Jeff King April 4, 2019, 1:54 a.m. UTC | #1
On Wed, Apr 03, 2019 at 09:41:09PM -0400, Jeff King wrote:

> A few items to note:
> 
>   - the cache-list tweak does improve the bad case for llvm-project.git
>     that started my digging into this problem. But it performs terribly
>     on linux.git, barely helping at all.

Oops, that should be cache-last of course.  Just for completeness,
here's the patch for that (which I also showed earlier in the thread):

  diff --git a/revision.c b/revision.c
  index eb8e51bc63..492c4247c4 100644
  --- a/revision.c
  +++ b/revision.c
  @@ -921,7 +921,7 @@ static void commit_list_insert_by_date_cached(struct commit *p, struct commit_li
   	else
   		new_entry = commit_list_insert_by_date(p, head);
   
  -	if (cache && (!*cache || p->date < (*cache)->item->date))
  +	if (cache)
   		*cache = new_entry;
   }

>   - prio-queue just barely outperforms sort-after. As I said, I'm not
>     really sure why this is the case, but it is. You can see it even
>     more prominently in this real-world case on llvm-project.git:
> 
>       git rev-list --parents 07ef786652e7 -- llvm/test/CodeGen/Generic/bswap.ll
> 
>     where prio-queue routinely outperforms sort-after by about 7%. One
>     guess is that the prio-queue may just be more efficient because it
>     uses a compact array.

And much more interesting, here's the patch for sort-after. It's
possible I simply screwed something up, and that's why prio-queue is
faster.

Two things to note:

  - it sorts the new list, and then merges it in O(n) into the existing
    list. This should have identical behavior to the existing
    insert_by_date if the existing list is not sorted in the same way.
    I'm not sure if that's possible or not (e.g., due to topo order or
    similar). If it's not, then it might be slightly faster to just
    insert into the final list in the first place, and then sort the
    whole thing as one unit.

  - curiously, this seems to racily fail t6001. That script creates some
    new commits without using test_tick, so it may end up with several
    commits with the same timestamp. When this happens, it fails because
    two of the commits get reordered in the log output.
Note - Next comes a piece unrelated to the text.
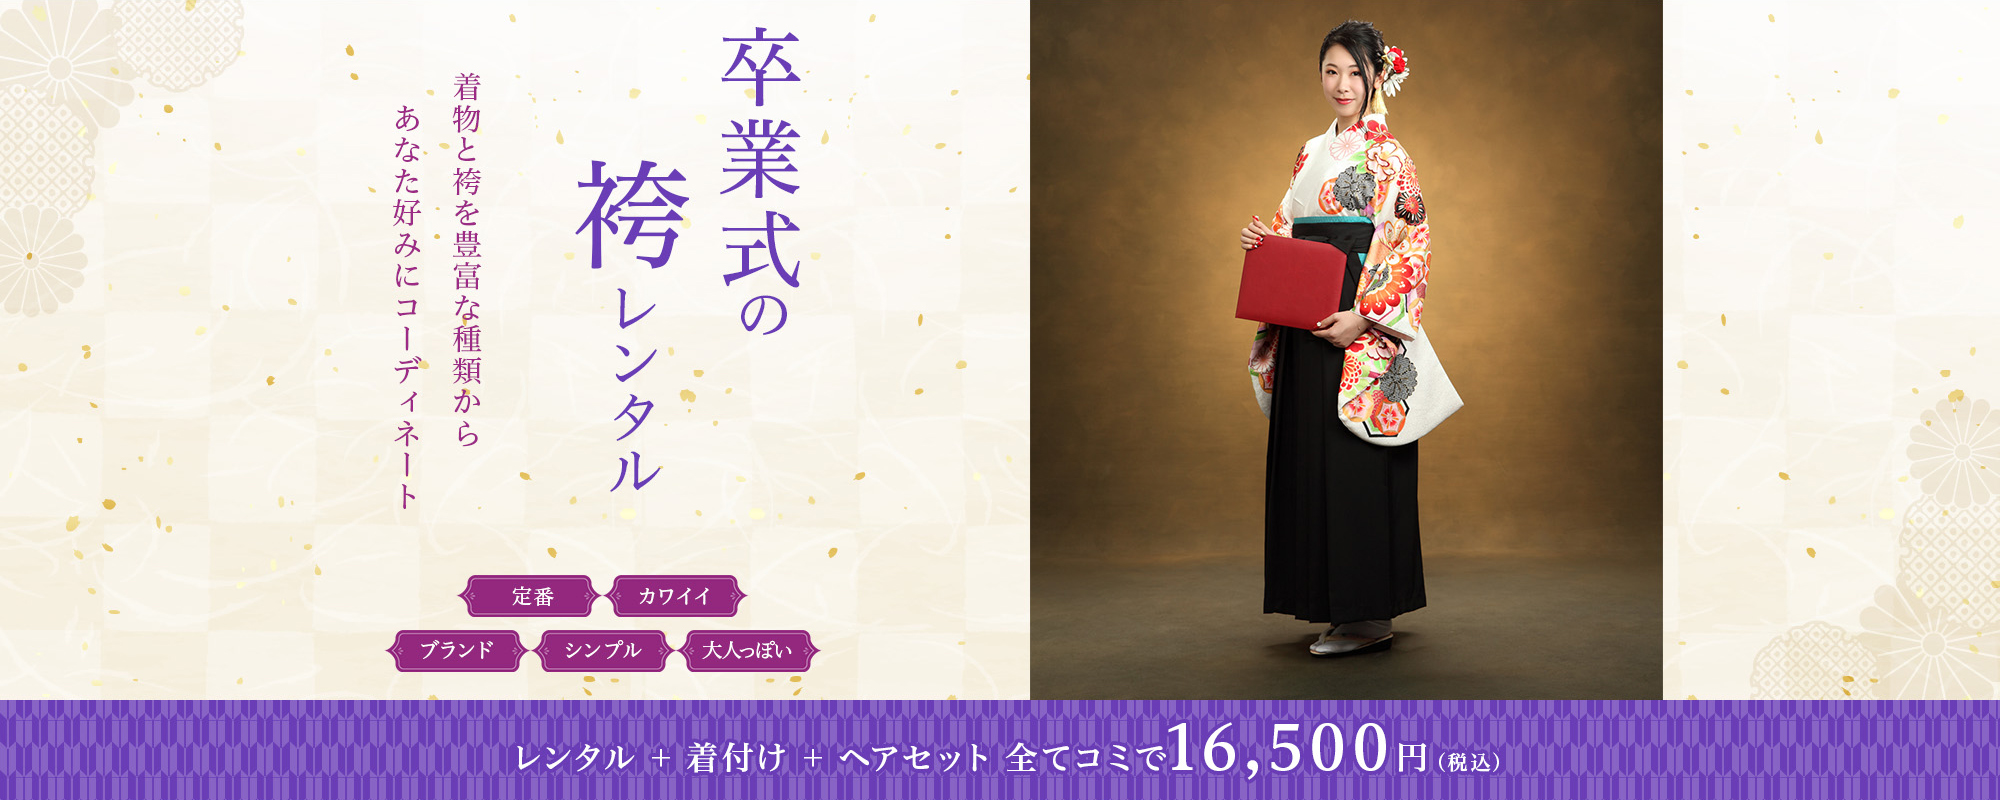 卒業式の袴レンタル 着物と袴を豊富な種類からあなた好みにコーディネート

    That points to the sort not being stable. But generally mergesort
    _is_ stable (and I'm relying on the existing sort here). And I think
    my merge operation is stable, too. If anything, I'd have thought I'd
    screw something up with the prio-queue merge, but that one does
    behave reliably (heap queues are not inherently stable, but our
    prio_queue uses a counter to address that).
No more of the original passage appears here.